We lived in West Yorkshire, and we are represented by white roses. They also symbolize purity, innocence, and loyalty. Nish was the most loyal friend I had ever had, and I chose to believe she was sending us another Nish nod to continue comforting, supporting, and loving us. If anybody could break the barrier between life and death, my tenacious Tanisha is the one to do it.
During this time, our mutual friend experienced the doors of her home opening on their own, her air fryer opening itself, and cupboard doors opening in her face. My mom, 200 miles away, experienced being awoken by a woman shouting, Hey! in her ear at 3 a.m., followed by the barking of a dog. Well, six months earlier, Nisha's dog had been put to sleep, and I like to think that she was telling us that they had now been reunited.

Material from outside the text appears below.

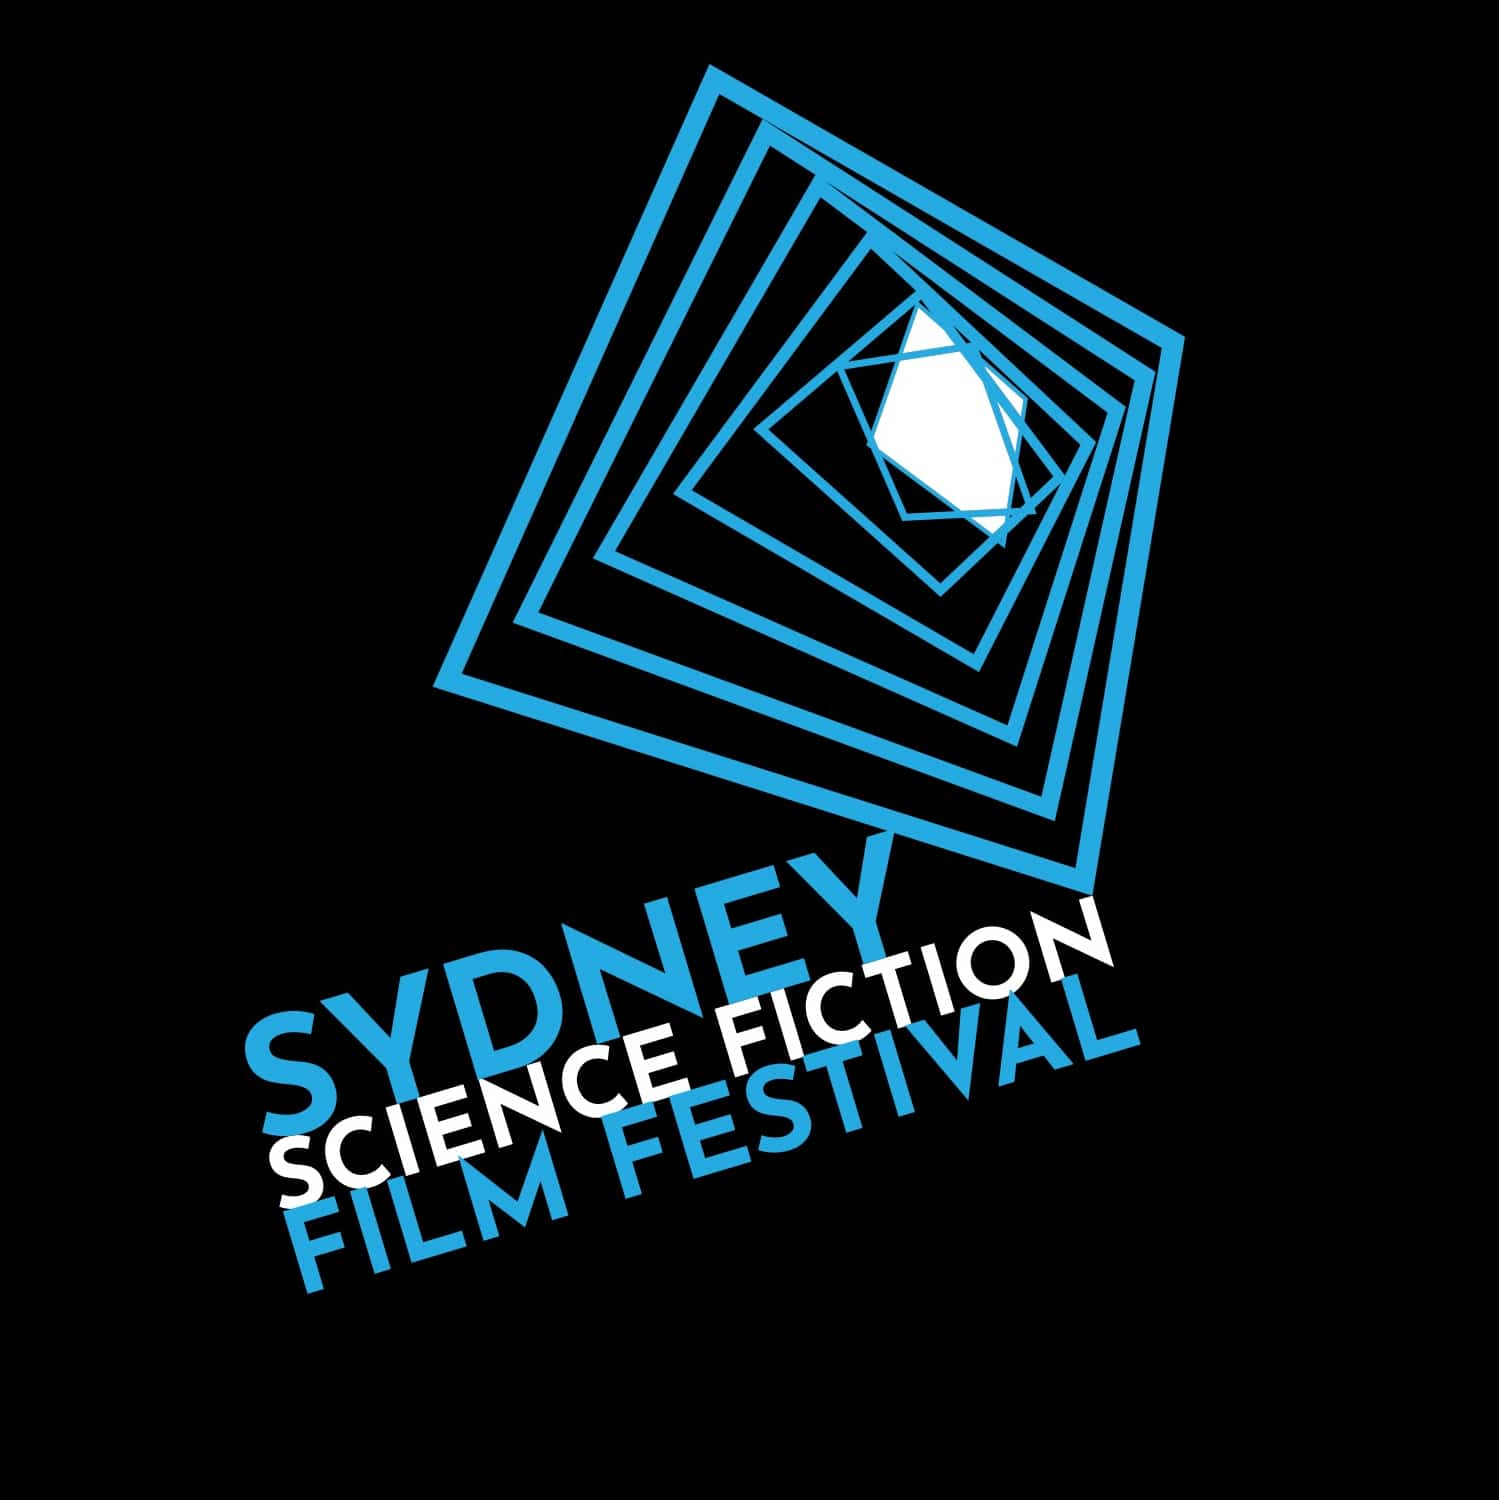 Sydney Science Fiction Film Festival

The night before her passing, I had a movie night sleepover with our girls so that dad could be with Nish all night long. He was joined by his brother for support and the nurse in charge insisted on bringing them copious amounts of coffee and teapots as well as biscuits and various treats. We all joked that Nish had set up a Mad Hatter's tea party for them, which is exactly what she would have wanted.
At 9 a.m., he came home to switch shifts with her mom, and that was when her mom called to tell us she had slipped away. Quickly, quietly, and without a fuss, it feels like she waited for the moment where we were all exactly where she wanted us to be. Since her passing, there have been a couple of small niche nods, but I know one thing is for certain. She will haunt us all loudly when she figures out how to scream through the void again.
Isn't that beautiful? Yeah. Yeah. Really, I read it so many times, I thought for sure I could get through reading it without crying. But it was just so, I don't know, there was something really, really moving about it for me. Yeah, it's such a special bond the two had. And then just so many of those nishnas, so many signs afterwards. I've never seen, if I heard you correctly, the...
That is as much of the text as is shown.